Power has traditionally been treated as a secondary constraint, with performance taking precedence during development. It is no longer feasible to leave power optimization until the end of the design cycle. The performance per watt metric is now of critical importance for AI chips and chiplets and must be addressed throughout the development process. Hyperscalers now often revise their metrics to be “tokens/watt.”[2]
Architecting for power efficiency at the earliest possible stage of the chip design process will maximize power-saving potential. Using shift-left methodologies, 30% to 50% power savings can be achieved at the software and hardware architecture phase, compared with single-digit power savings during implementation and signoff stage [3].
An end-to-end silicon to systems solution enables designers to optimize power early in the design cycle while achieving performance goals.
Top Challenges in AI Chip Efficiency
AI chip developers face four main challenges:
- Power efficiency and thermal management
- Memory bandwidth and data movement
- Architecture analysis
- Optimizing hardware and software
for the representative workload
Power efficiency and thermal management
AI and other demanding applications are driving the use of multi-die systems and semiconductor devices with multiple homogeneous or heterogeneous dies within a single package. This enables the rapid development of tailored silicon solutions for high-performance computing applications [4].
Heat dissipation is one of the main challenges in designing a multi-die AI system, creating thermal limitations.
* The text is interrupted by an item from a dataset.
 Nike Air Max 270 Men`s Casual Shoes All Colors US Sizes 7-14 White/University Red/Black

A well-planned architecture following an iterative process can alleviate thermal stress by exploring options at the front end to avoid getting locked into a partitioning structure that could eventually turn out to be sub-optimal from a power perspective.
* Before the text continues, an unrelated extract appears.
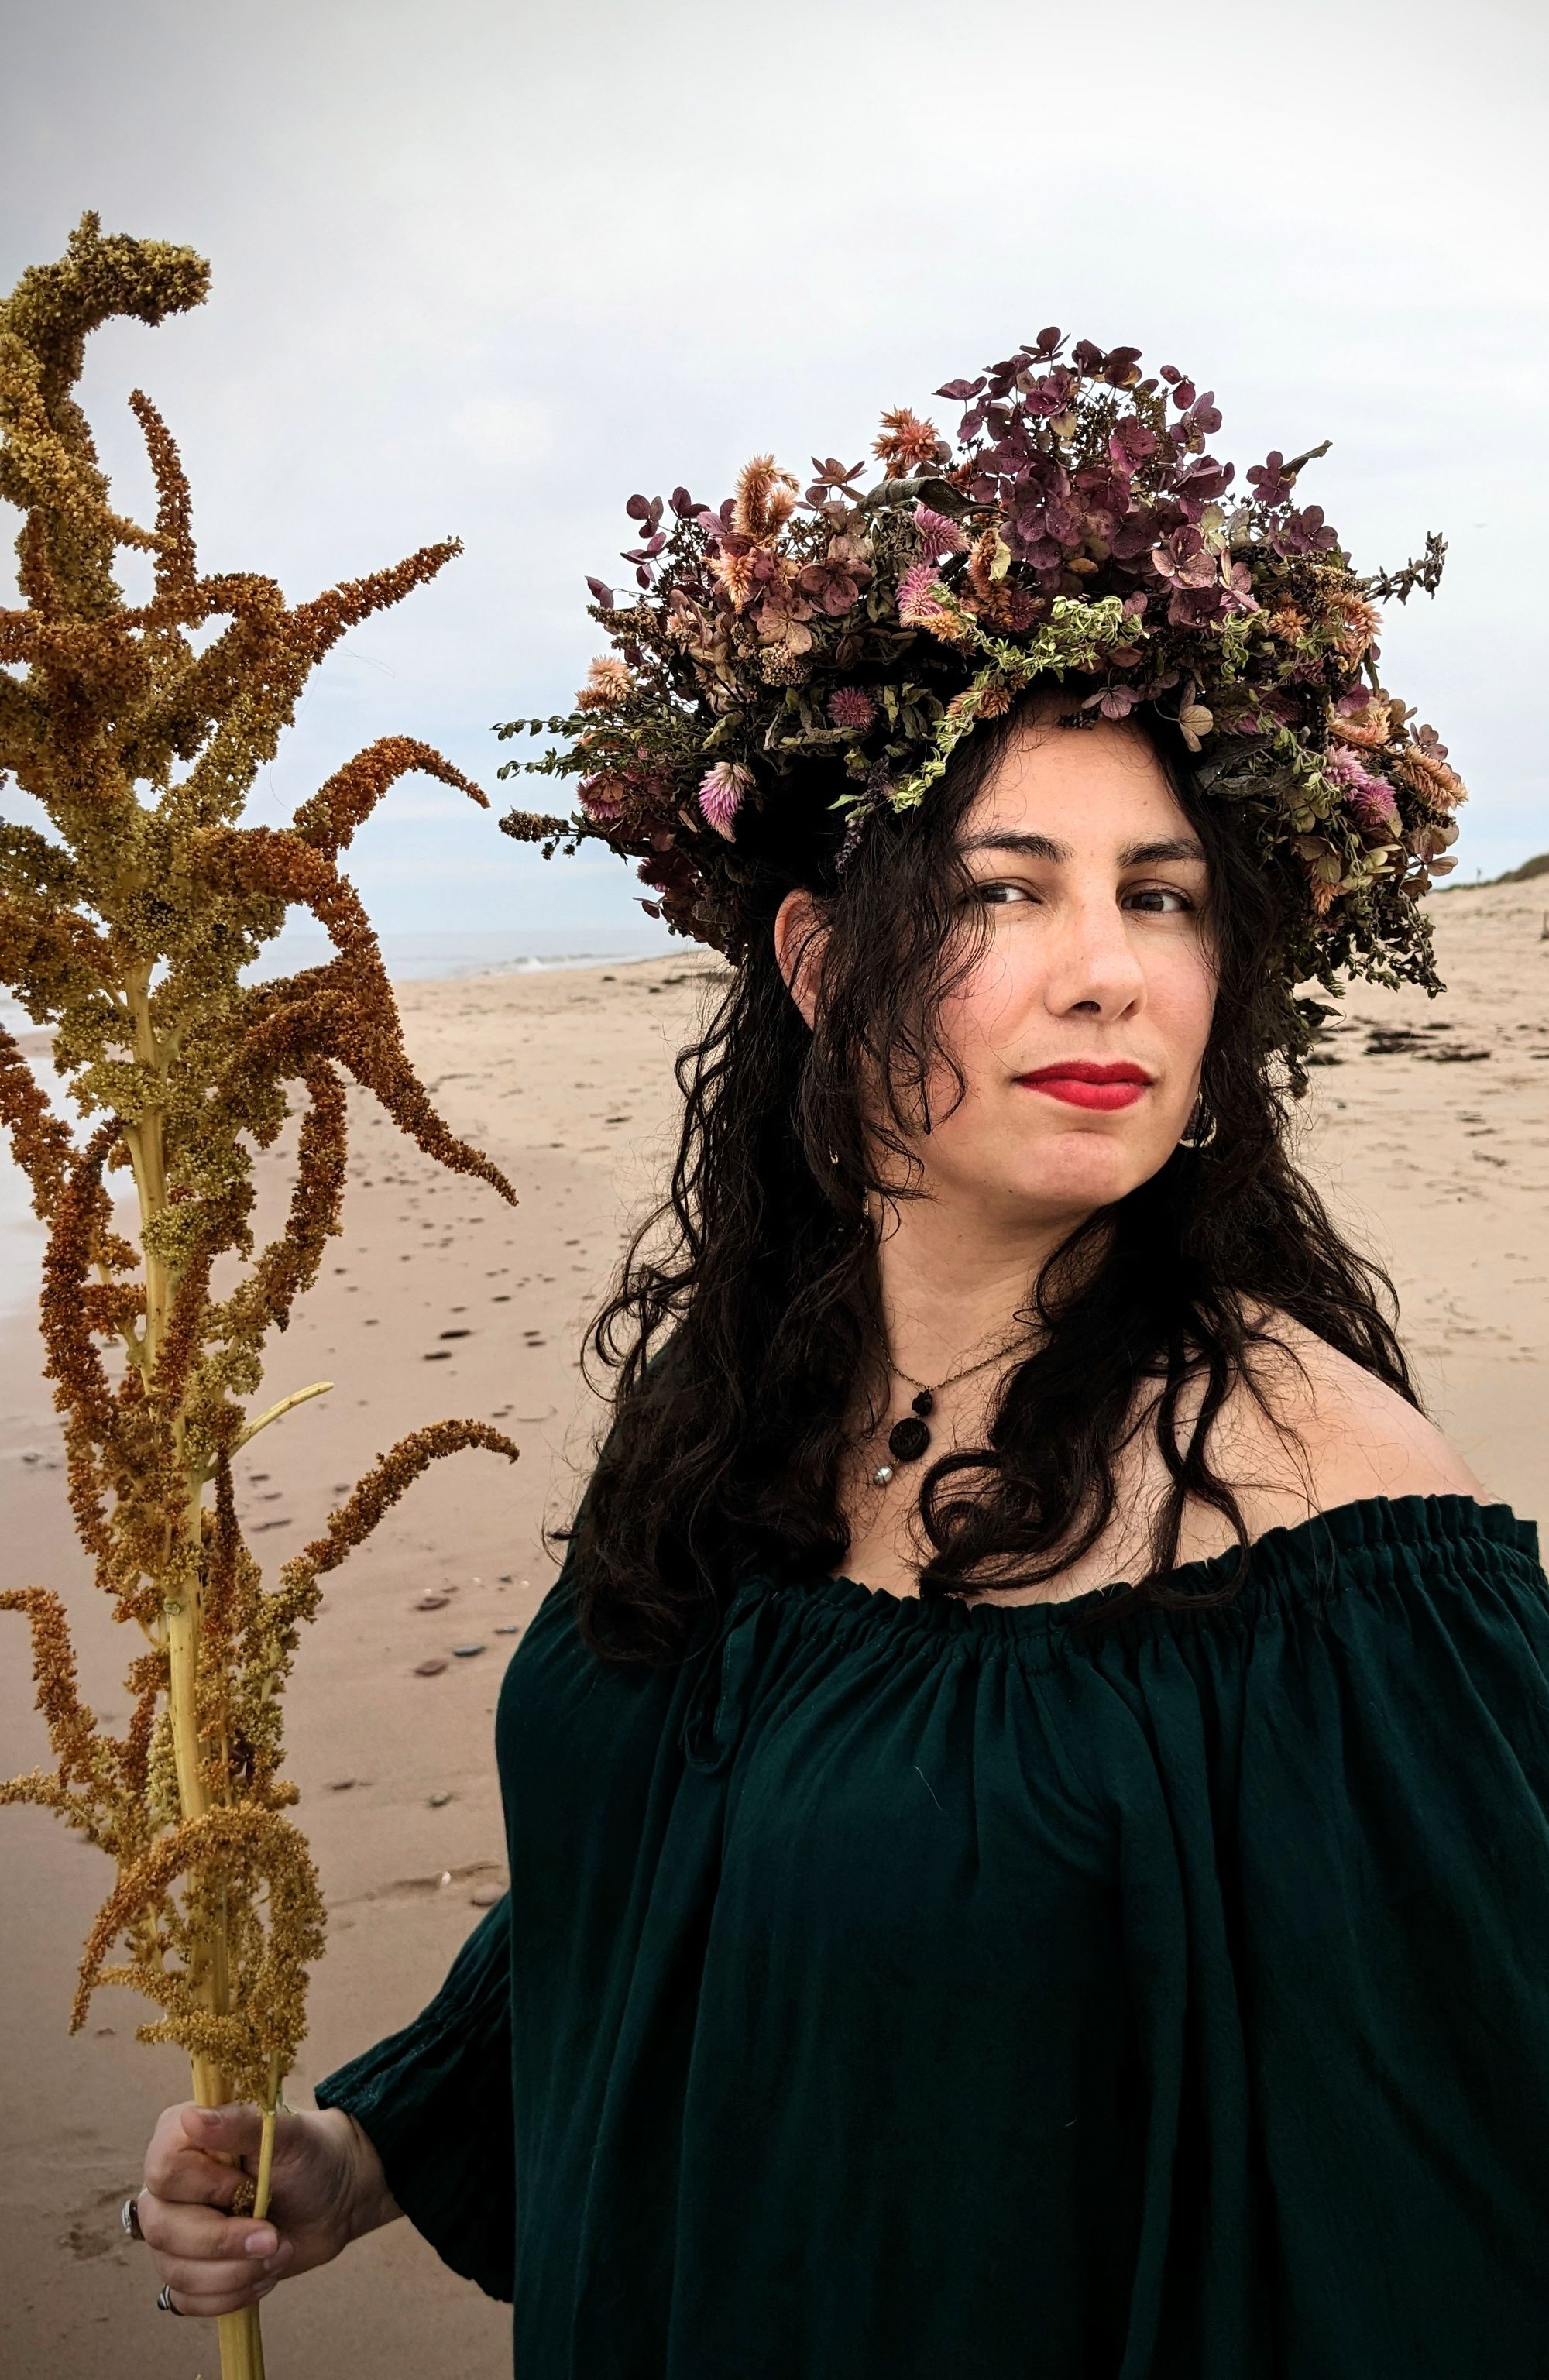 Another entry in the flower-wreath beach portraits: I'm dressed in a flowy dark green shirt falling slightly off one shoulder while holding a stalk of amaranth like a staff and wearing a very elaborate crown of herbs and flowers (celosia, hydrangea, basil, oregano and mint) over my long wavy dark hair, with ocean in the background.

System architecture teams can use modeling tools to abstract out pieces of a chip into models for performance/power analysis and finalize power tradeoffs before the design is locked into its partitions. By mapping a workload onto a multi-die system, the design team can determine the activity per processing element and per communication path. Modeling the hardware and software together is key to generating a robust and thermally efficient design, with scalable software across the die.
Memory bandwidth and data movement
AI applications thrive on high memory bandwidth, fast throughput, and low latency. The growth of bandwidth has not kept up with the growth of compute. For chip designers, overcoming the initial challenge of “The Memory Wall” - the gap between processor speed and memory bandwidth - in AI/ML chip design is paramount. For AI chips, one of the leading causes of power consumption is data movement - even more than compute - and high-speed die-to-die communication needed to pass large data sets between dies within a chip.
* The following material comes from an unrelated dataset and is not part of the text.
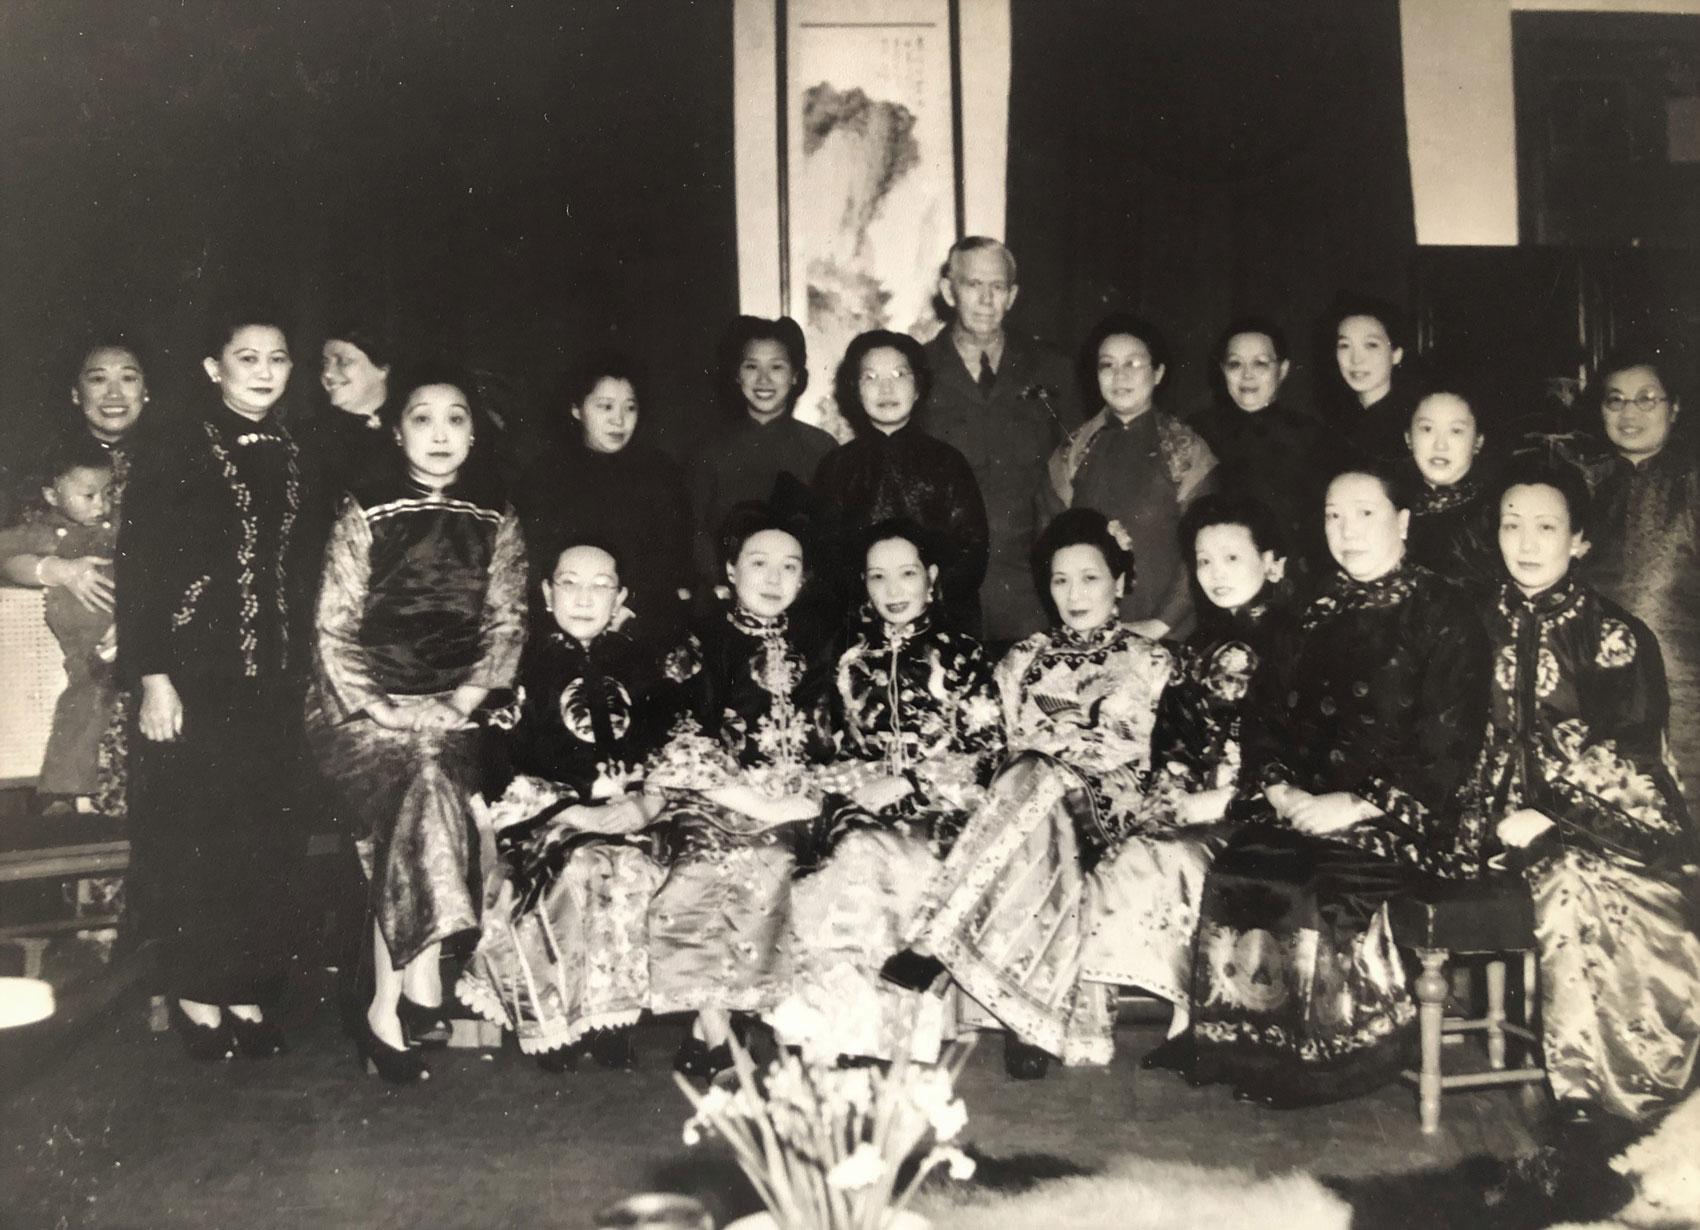 Black and white photo of a group of women and one made dressed for a Christmas holiday group photo

Developers must analyze data movement early and identify solutions to optimize memory power and minimize data movement to achieve the highest performance per watt.3 Solutions include high bandwidth memory, analog computing, custom compute units, compute in memory, resistive RAM structure, and algorithmic solutions like sparse algorithms, to eliminate unnecessary data movement, to eliminate unnecessary data movement.
Design teams should focus on identifying the right memory architecture to minimize data movement, analyzing these architectural changes at an early stage and implementing them.
Architecture analysis
Before the start of the power design cycle, it’s critical to architect a power analysis flow that aims to analyze power as early as System Architecture Stage.
Synopsys Platform Architect™, a performance and power analysis tool, enables accurate simulation of system-level function in SystemC, providing crucial early insights into power-performance tradeoffs before hardware descriptions in Verilog have been written.
Platform Architect helps system designers explore and optimize the hardware-software partitioning and the configuration of the System-on-Chip (SoC) infrastructure, focusing on global interconnect and memory subsystem to achieve the right system performance, power and cost. This process helps in deciding the efficient macro architecture of the system, including, but not limited to, technologies such as Dynamic Voltage and Frequency Scaling (DVFS), Power Gating, Network-on-Chip (NOC) traffic, etc. Using transaction-level simulation, Platform Architect reduces design time by predicting and optimizing architecture KPIs.
Optimizing hardware and software for the workload
Optimizing both the hardware and software for the specific workload is critical; therefore, developers must model, simulate, emulate and prototype chip performance prior to hardware returning from the fab.
Leveraging early architecture analysis and performance validation in emulation will result in efficient hardware/software partitioning and customized hardware/software for a very specific workload, such as Instagram workload-specific Application-Specific Integrated Circuits (ASICs).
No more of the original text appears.